=== YOUR OBJECTIVE ===
Everything from the line containing "Birdcage Tealight Holder" down to the last line below should be set down exactly, and only that, without the pictures.

=== DATASET EXTRACT ===
________

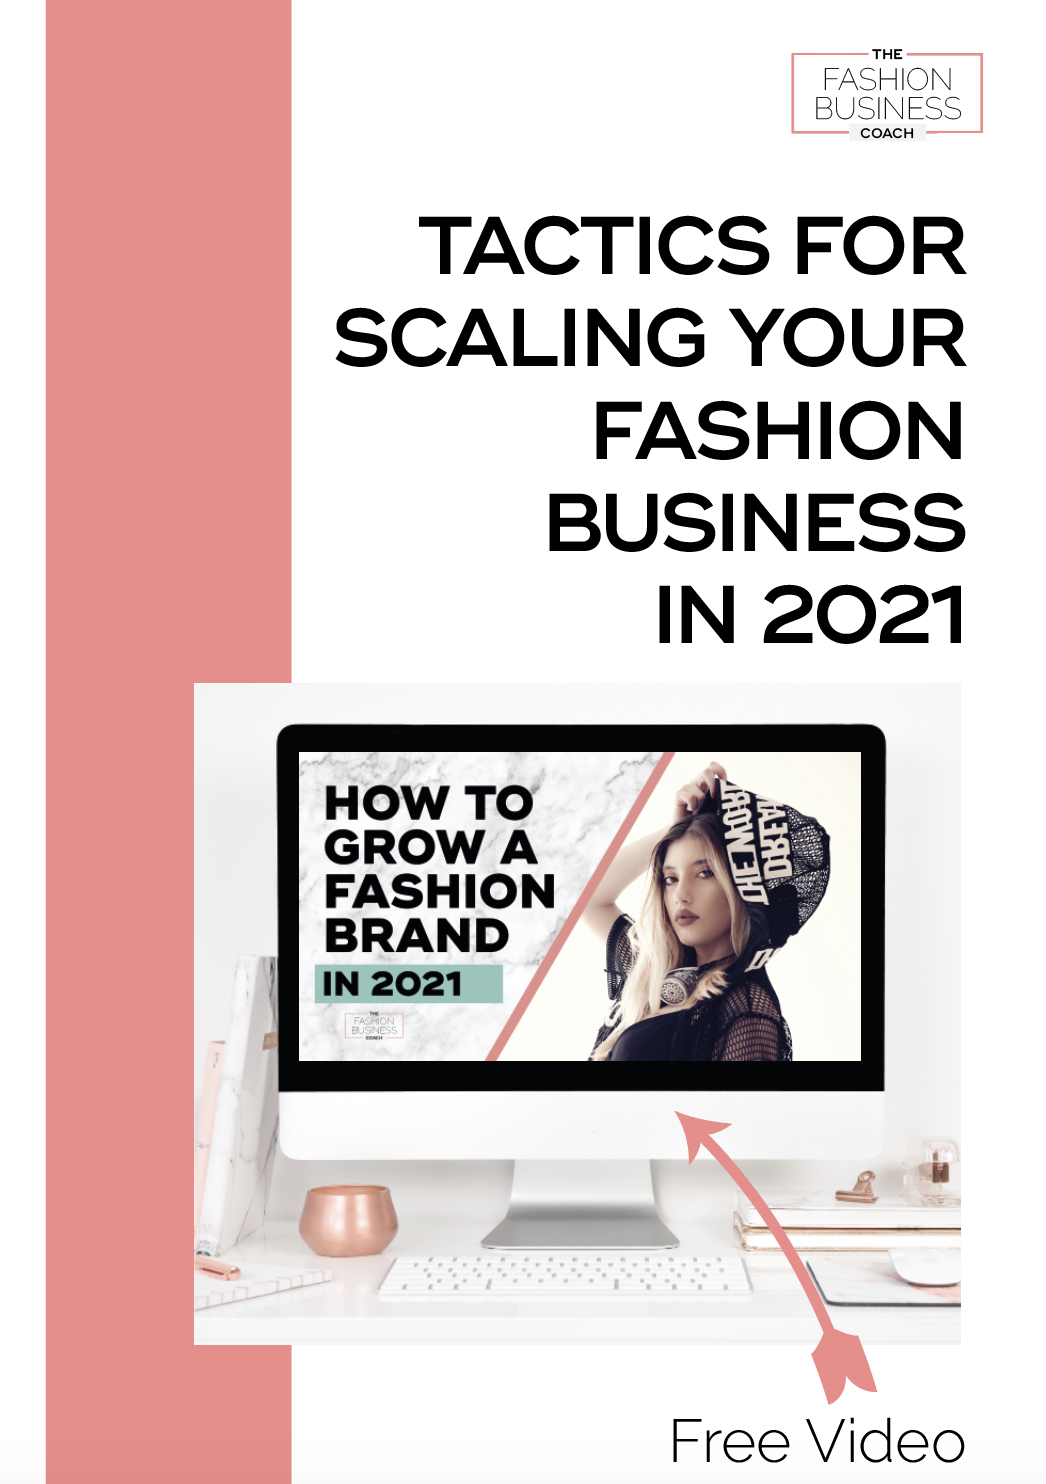 Tactics for Scaling Your Fashion Business in 2021 3.png
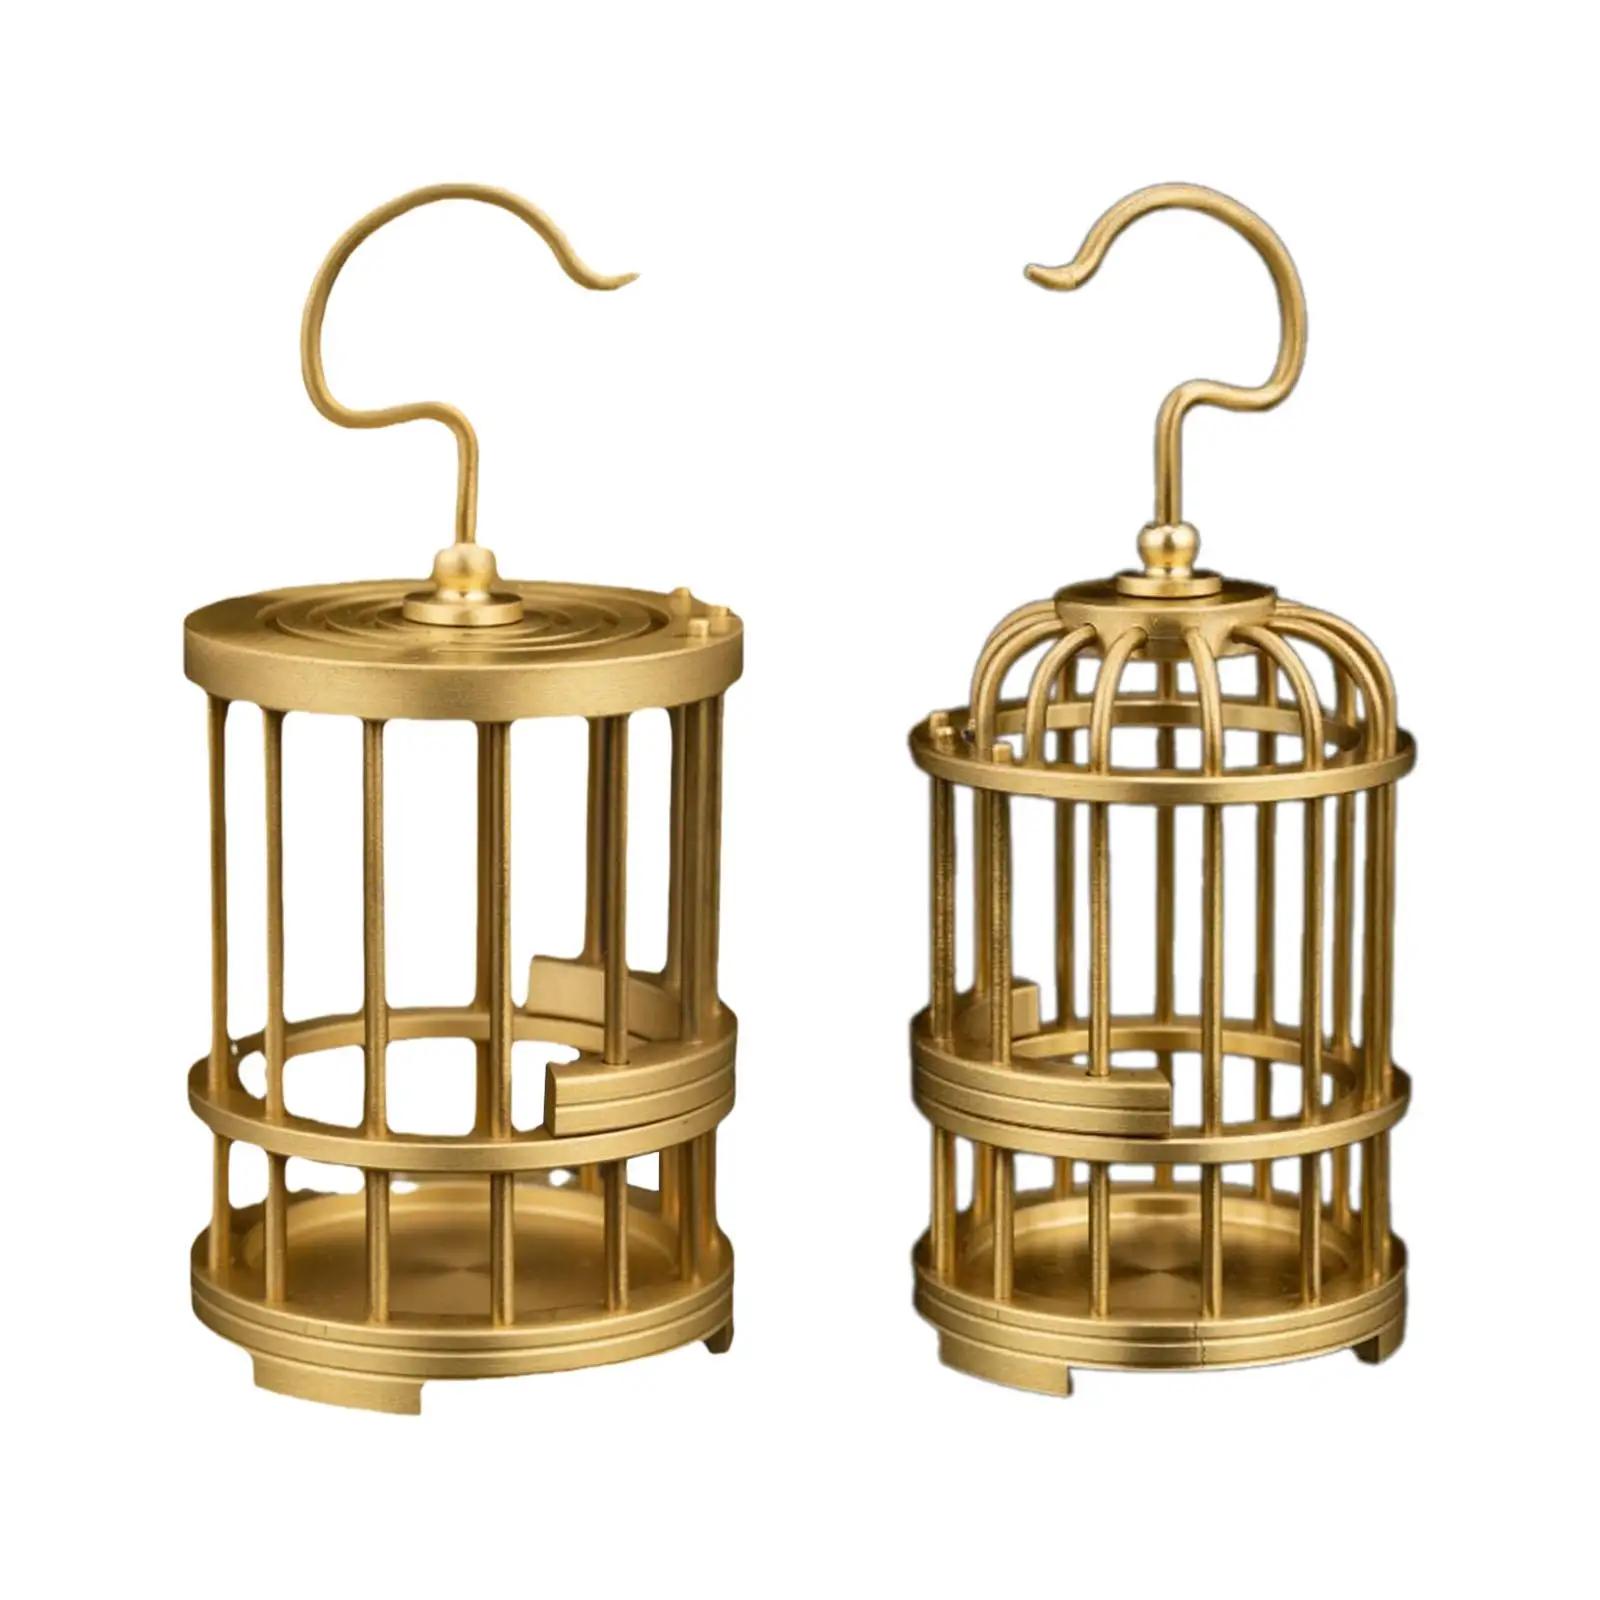 Birdcage Tealight Holder Ornament Collectibles Small Metal Tealight Holder for Birthday Table Anniversary Dining Roo
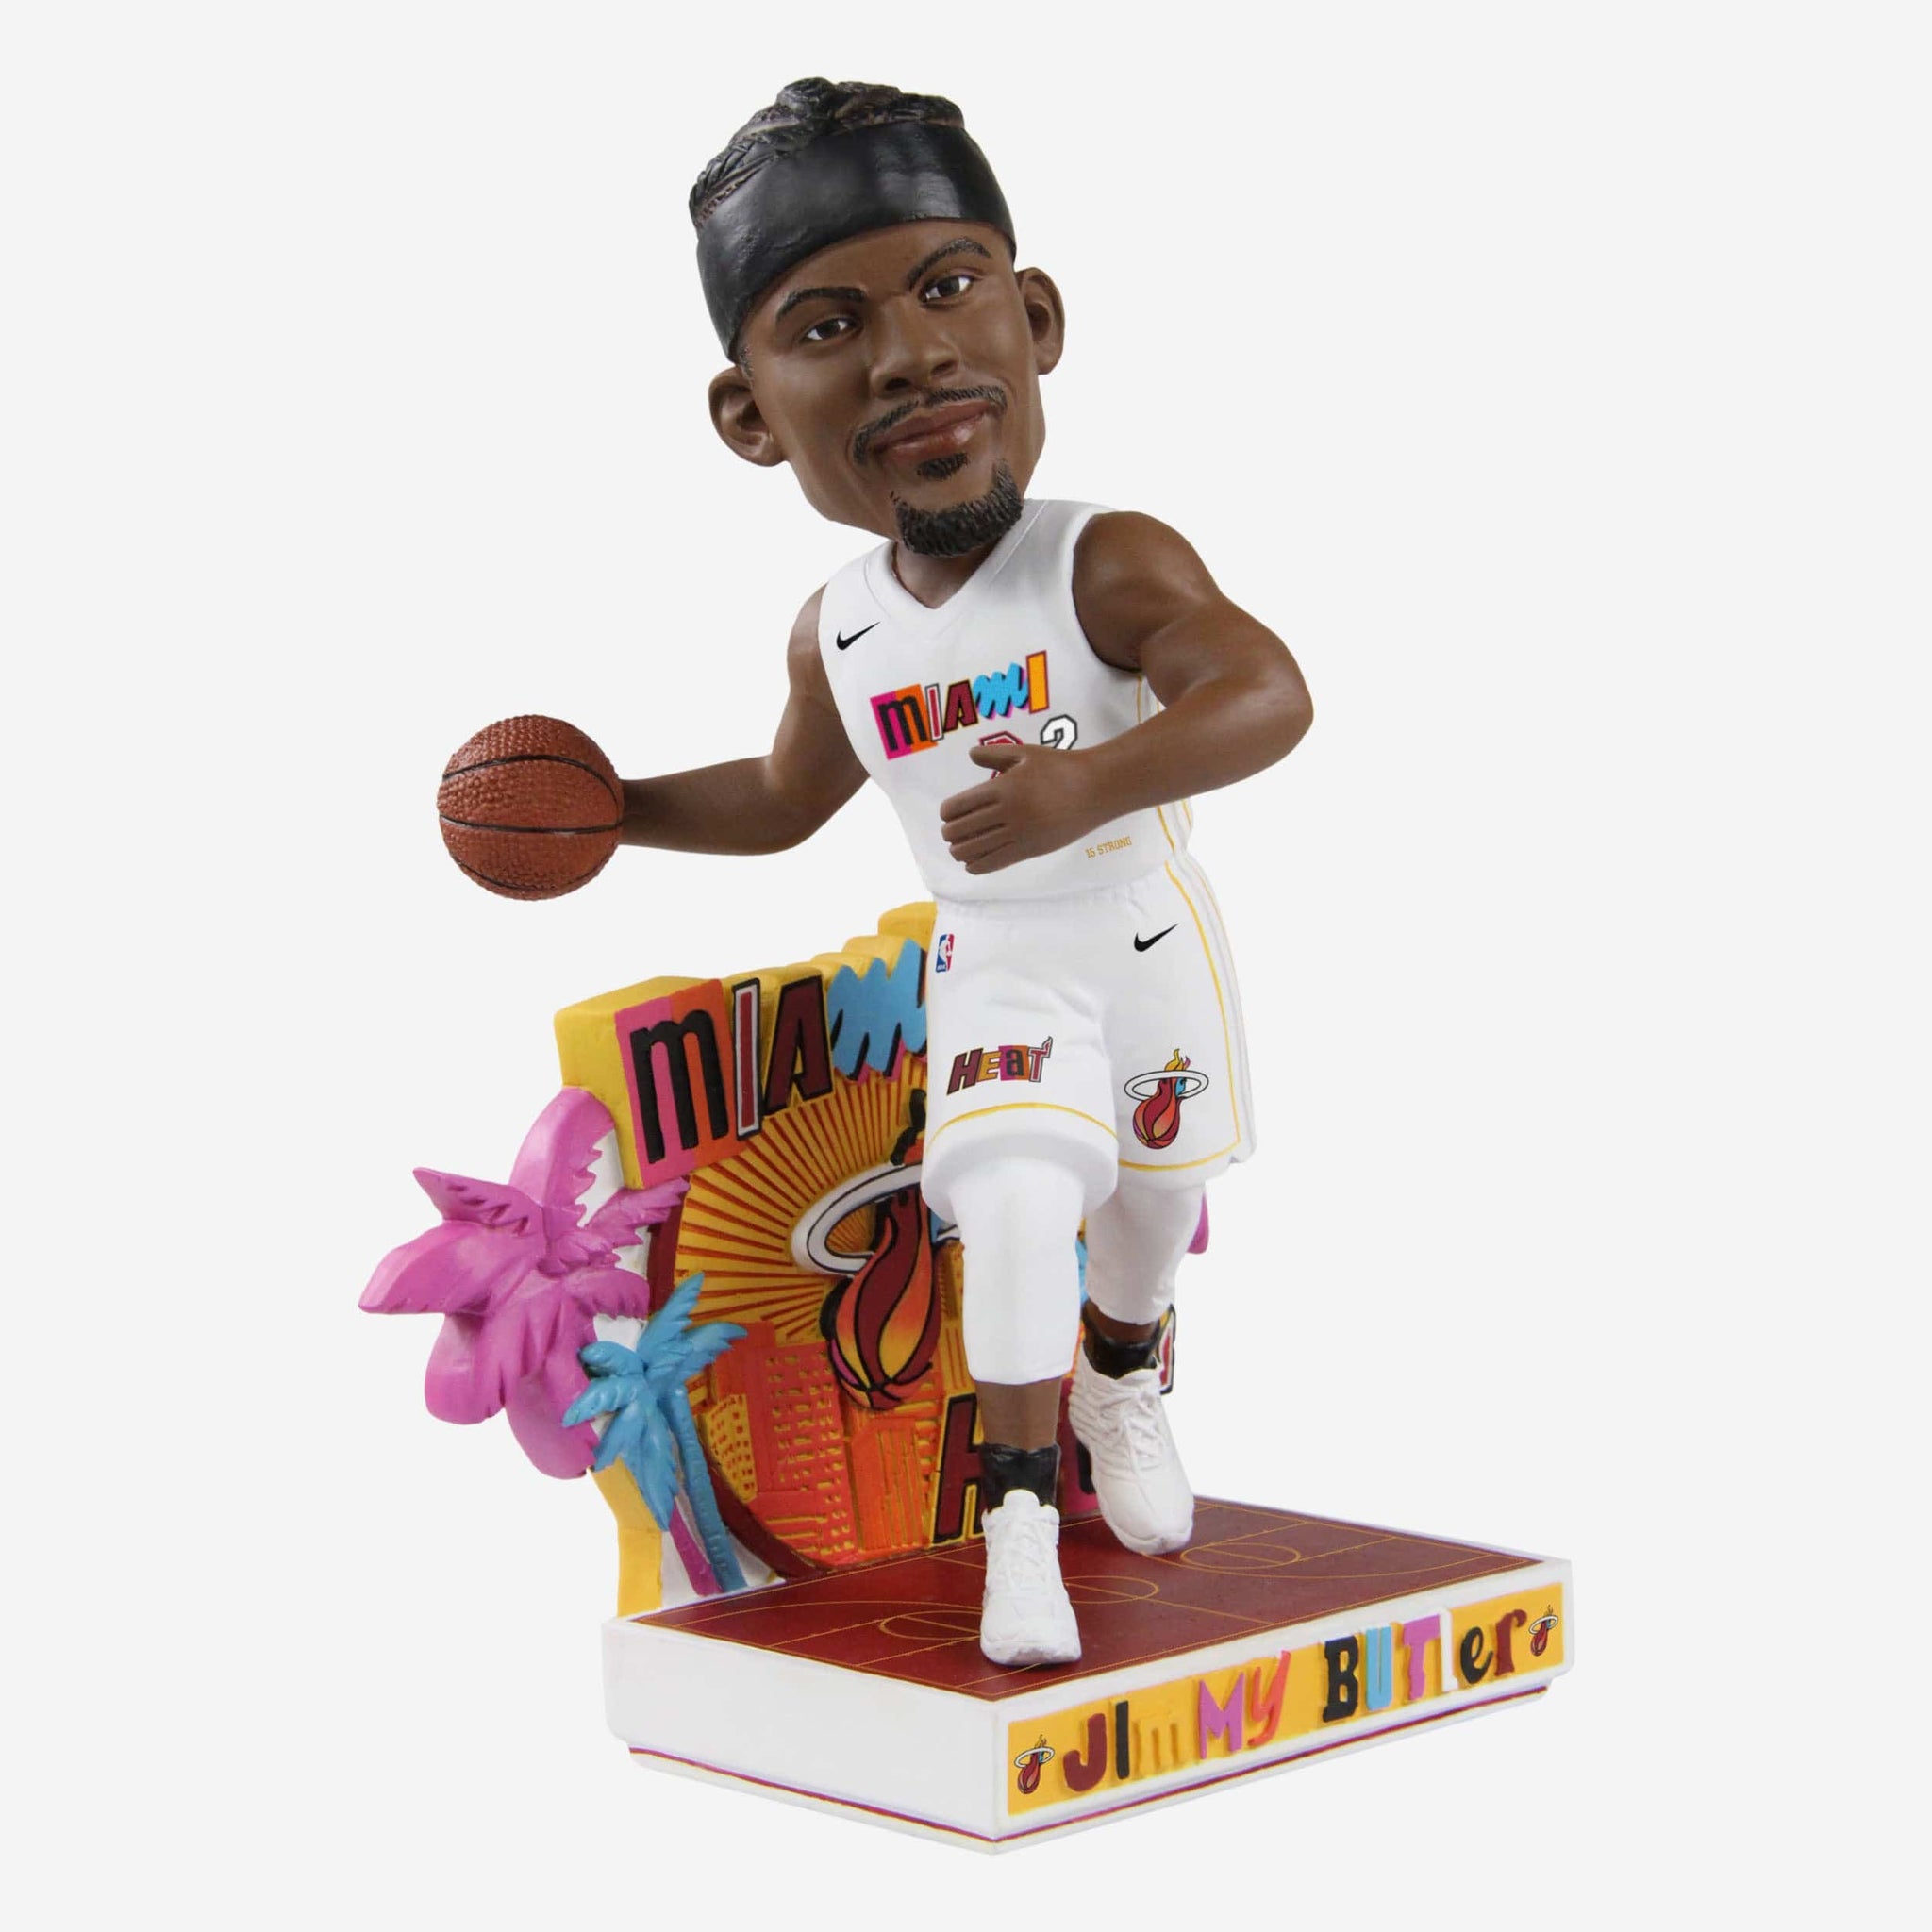 Fans need these Miami Heat City Edition bobbleheads

________

=== ANSWER FOR THE TASK ===
 Birdcage Tealight Holder Ornament Collectibles Small Metal Tealight Holder for Birthday Table Anniversary Dining Roo
 Fans need these Miami Heat City Edition bobbleheads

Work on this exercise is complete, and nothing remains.